The side of the square is $4\sqrt{5}$, so the area of the square is $80$.
The area of $\triangle_{QCD}=\frac{1}{2}\cdot4\sqrt{5}\cdot h=\frac{80}{3}$, so the height $h=\frac{8\sqrt{5}}{3}$, which is $\frac{2}{3}$ the side of the square. Now imagine drawing a line through the midpoint of $CD$, say $R$, through $Q$, to the midpoint of $AB$, say $S$, this bisects the square and has $RQ:QS=\frac{2}{3}:\frac{1}{3}$, or equivalently $RQ:QS=2:1$, and so $DQ:QP=2:1$ also.

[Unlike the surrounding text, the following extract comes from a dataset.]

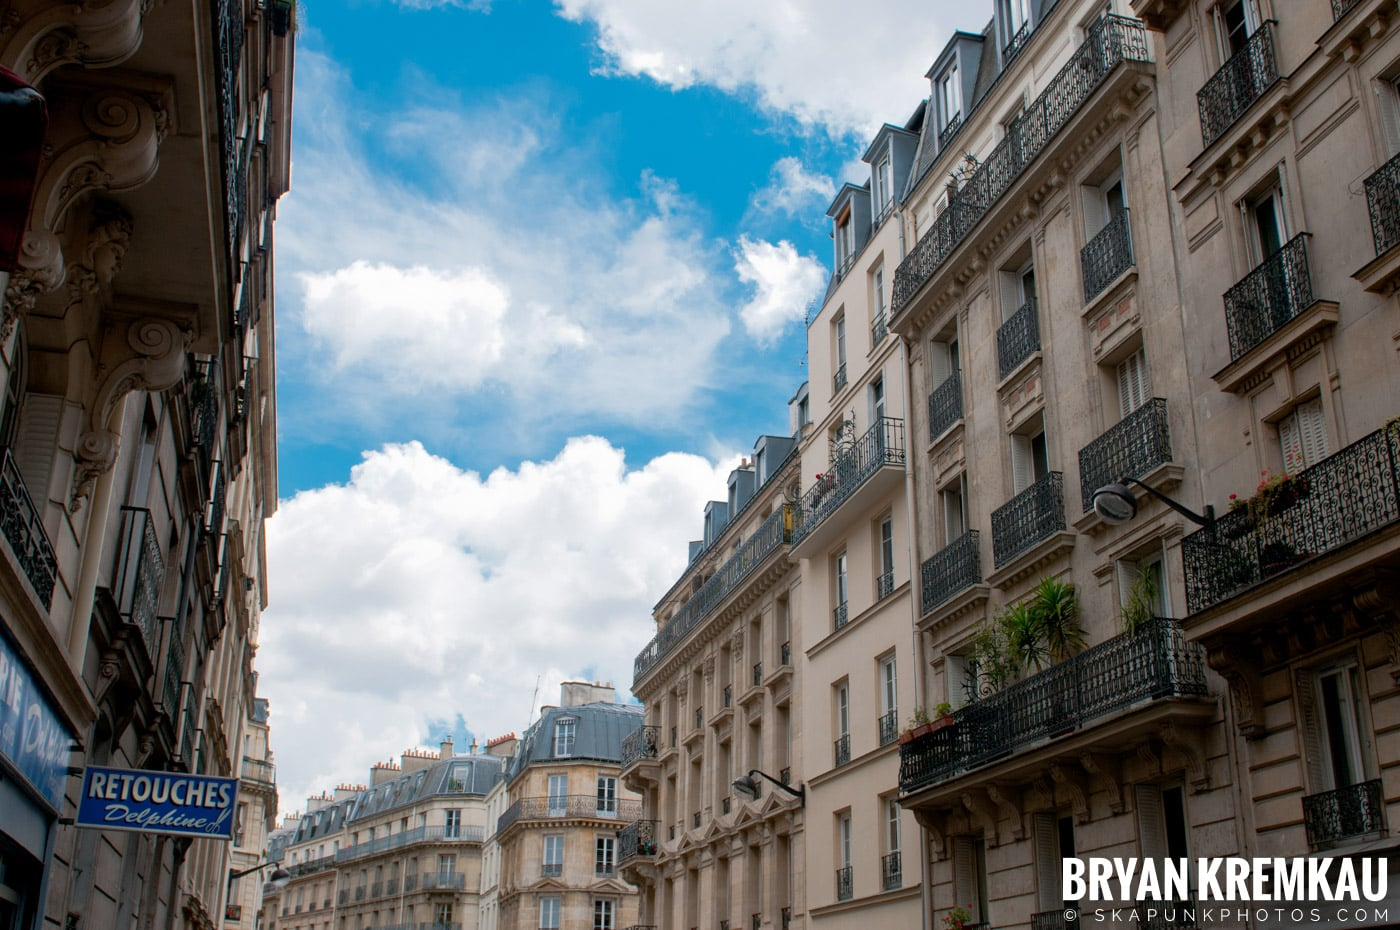 Paris, France Honeymoon - Day 8 - 7.25.11 (24)
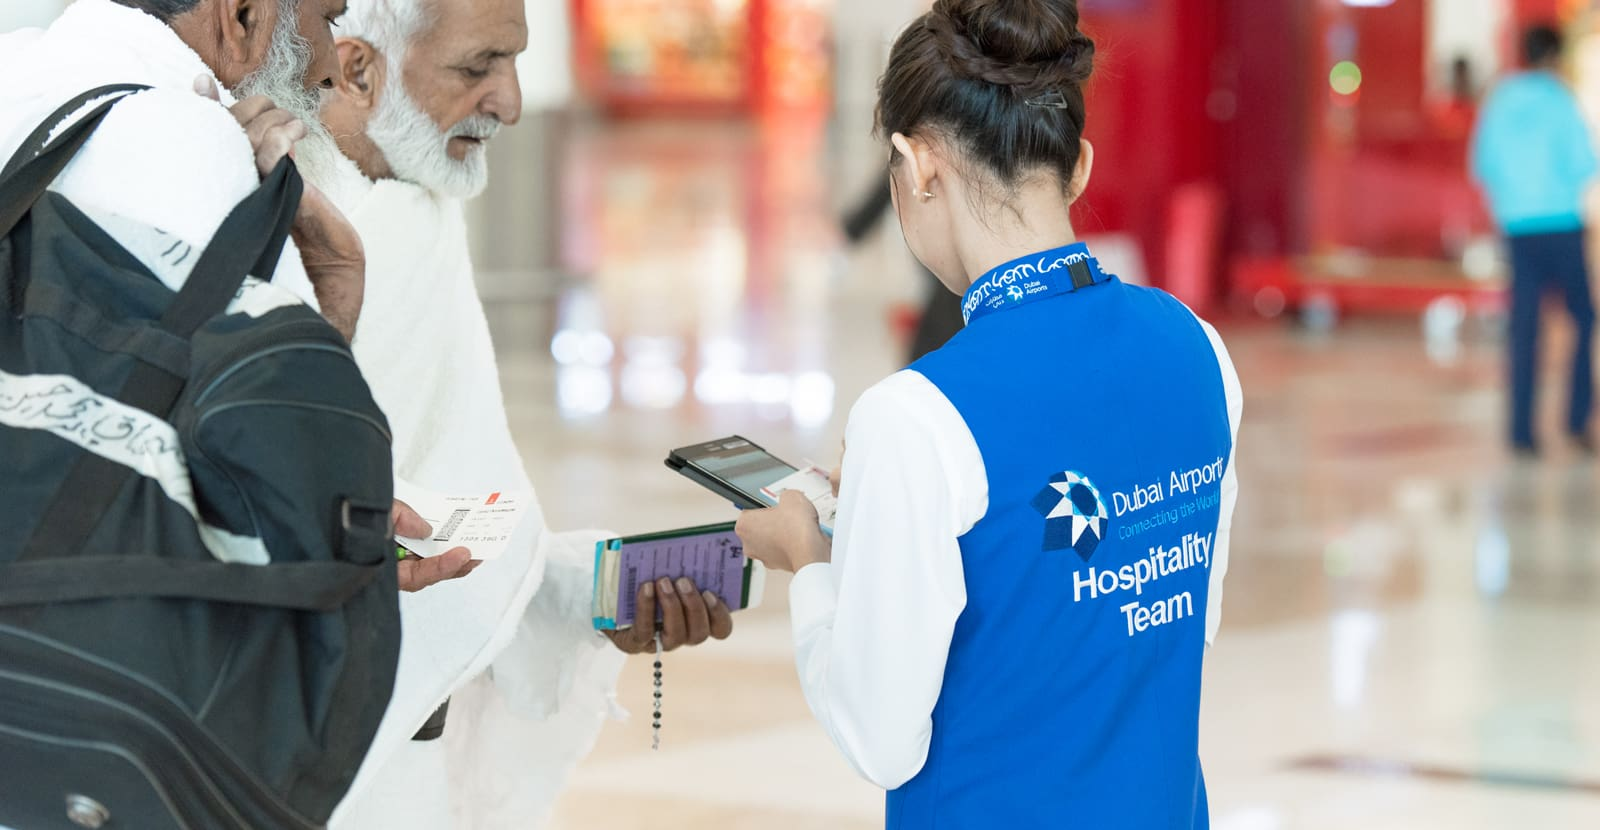 dubai-airports-hospitality-customer-experience-pilot-by-engine

Now find $\overrightarrow{DP}=\overrightarrow{DO}+\overrightarrow{OP}=-\overrightarrow{OD}+\overrightarrow{OP}=\binom{-4}{8}+\binom{2}{3}=\binom{-2}{11}$.
You can now find $\overrightarrow{OQ}=\overrightarrow{OD}+\frac{2}{3}\overrightarrow{DP}=\binom{4}{-8}+\frac{2}{3}\cdot\binom{-2}{11}=\binom{8/3}{-2/3}$, giving $Q=(\frac{8}{3},-\frac{2}{3})$ as required.